Personal information
- Full name: Adam Campbell
- Date of birth: 1 January 1995 (age 31)
- Place of birth: North Shields, England
- Height: 5 ft 7 in (1.70 m)
- Positions: Striker; winger;

Team information
- Current team: South Shields
- Number: 27

Youth career
- Wallsend Boys Club
- 2005–2012: Newcastle United

Senior career*
- Years: Team / Apps / (Gls)
- 2012–2015: Newcastle United / 3 / (0)
- 2013: → Carlisle United (loan) / 1 / (0)
- 2014: → St Mirren (loan) / 11 / (2)
- 2014: → Fleetwood Town (loan) / 2 / (0)
- 2014: → Hartlepool United (loan) / 2 / (0)
- 2015: → Gateshead (loan) / 8 / (3)
- 2015–2017: Notts County / 73 / (8)
- 2017–2019: Morecambe / 25 / (1)
- 2018–2019: → Carlisle United (loan) / 13 / (0)
- 2019–2021: Darlington / 43 / (19)
- 2021–2023: Gateshead / 83 / (25)
- 2023–2024: Crawley Town / 42 / (7)
- 2024–2026: Hartlepool United / 70 / (7)
- 2026–: South Shields / 6 / (2)

International career
- 2011: England U16 / 1 / (0)
- 2012: England U17 / 3 / (1)
- 2013: England U19 / 5 / (0)

= Adam Campbell (footballer, born 1995) =

English footballer (born 1995)

Adam Campbell (born 1 January 1995) is an English professional footballer who plays as a striker for National League North club South Shields.

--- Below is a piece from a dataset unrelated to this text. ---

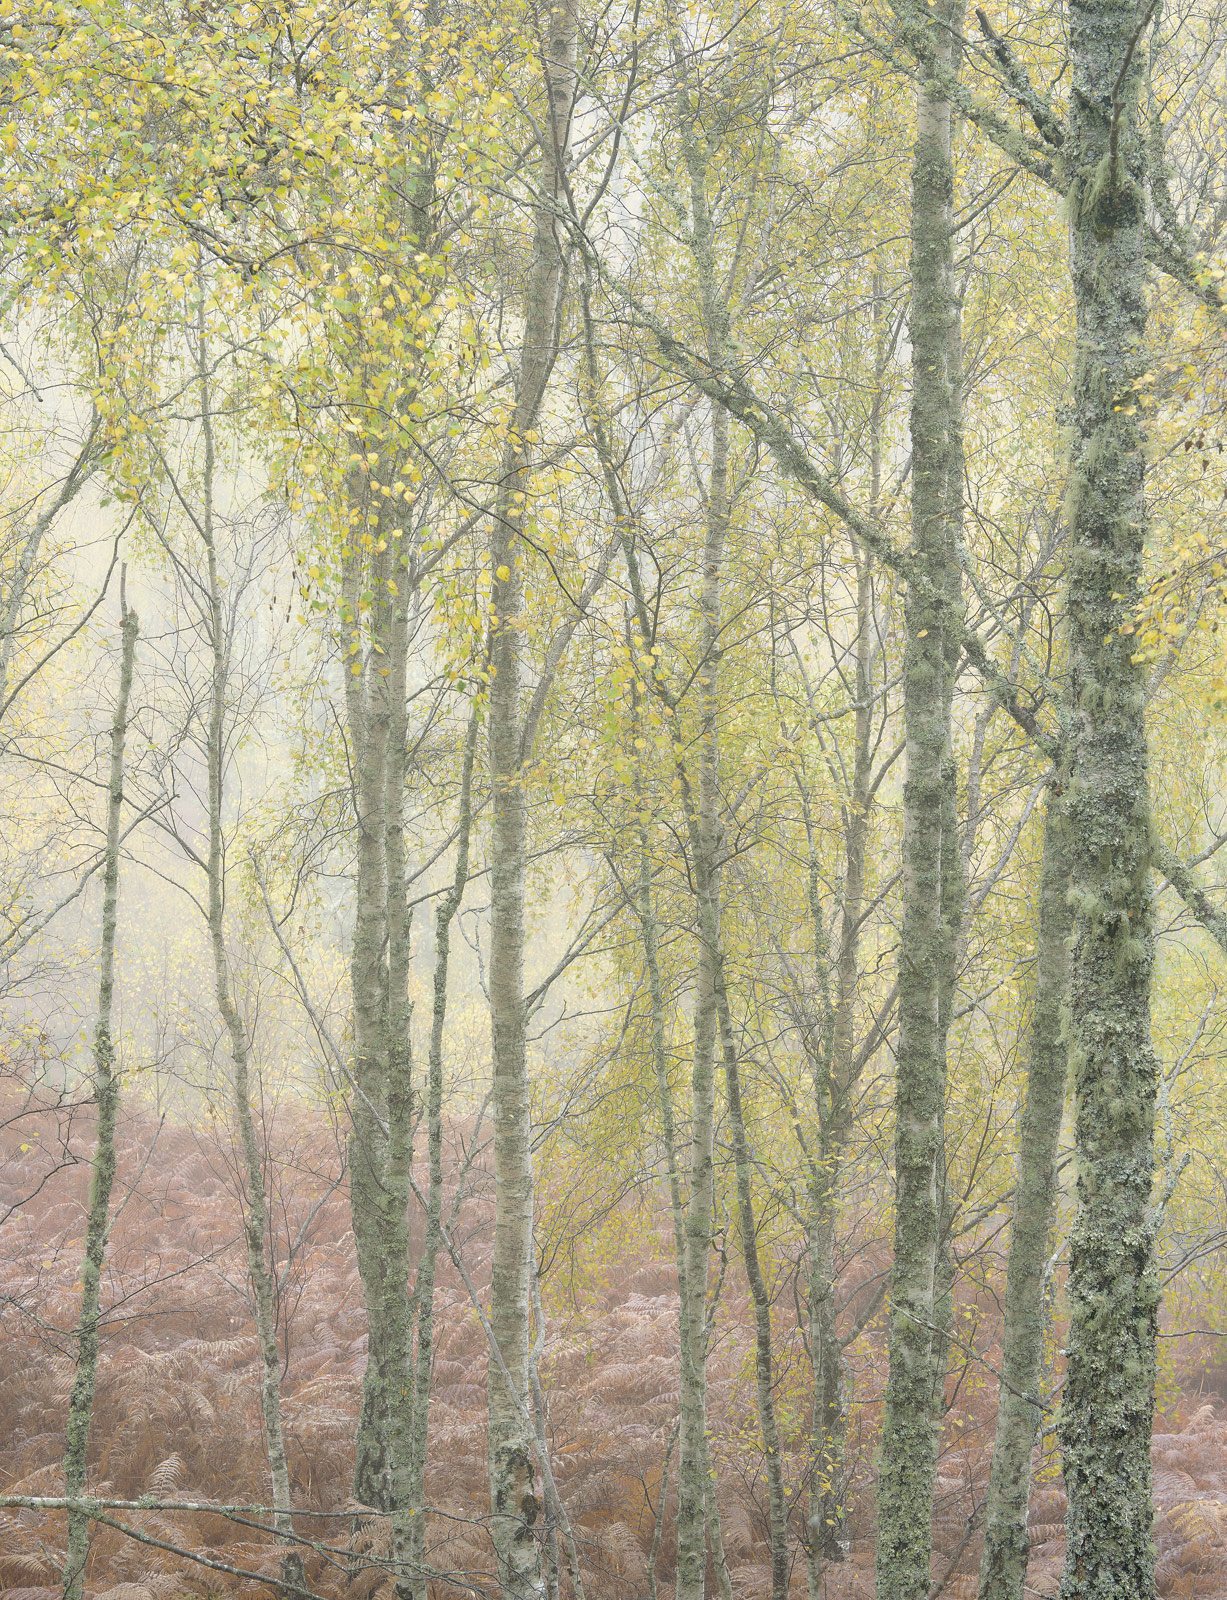 Pastel Birch Wood tapestry, morning, productive, mist, sunlight, backlit, permeating, mist, damp, autumnal, bracken, photo

He played in the Premier League for Newcastle United, in the Scottish Premiership for St Mirren, in the Football League for Carlisle United, Fleetwood Town, Hartlepool United, Notts County and Morecambe, and in the National League North for Darlington. He represented England at under-16, under-17 and under-19 levels.

==Club career==

===Newcastle United===
Campbell was born in North Shields and attended St Bernadette's R.C Primary School in Wallsend as well as St Thomas More R.C High School in North Shields from 2006 to 2011. He is a product of Wallsend Boys Club.

Campbell won the Most Valuable Player award at the 2010 Nike Cup at Old Trafford. In addition, Campbell was named Premier Player of the Tournament at the 2012 Milk Cup.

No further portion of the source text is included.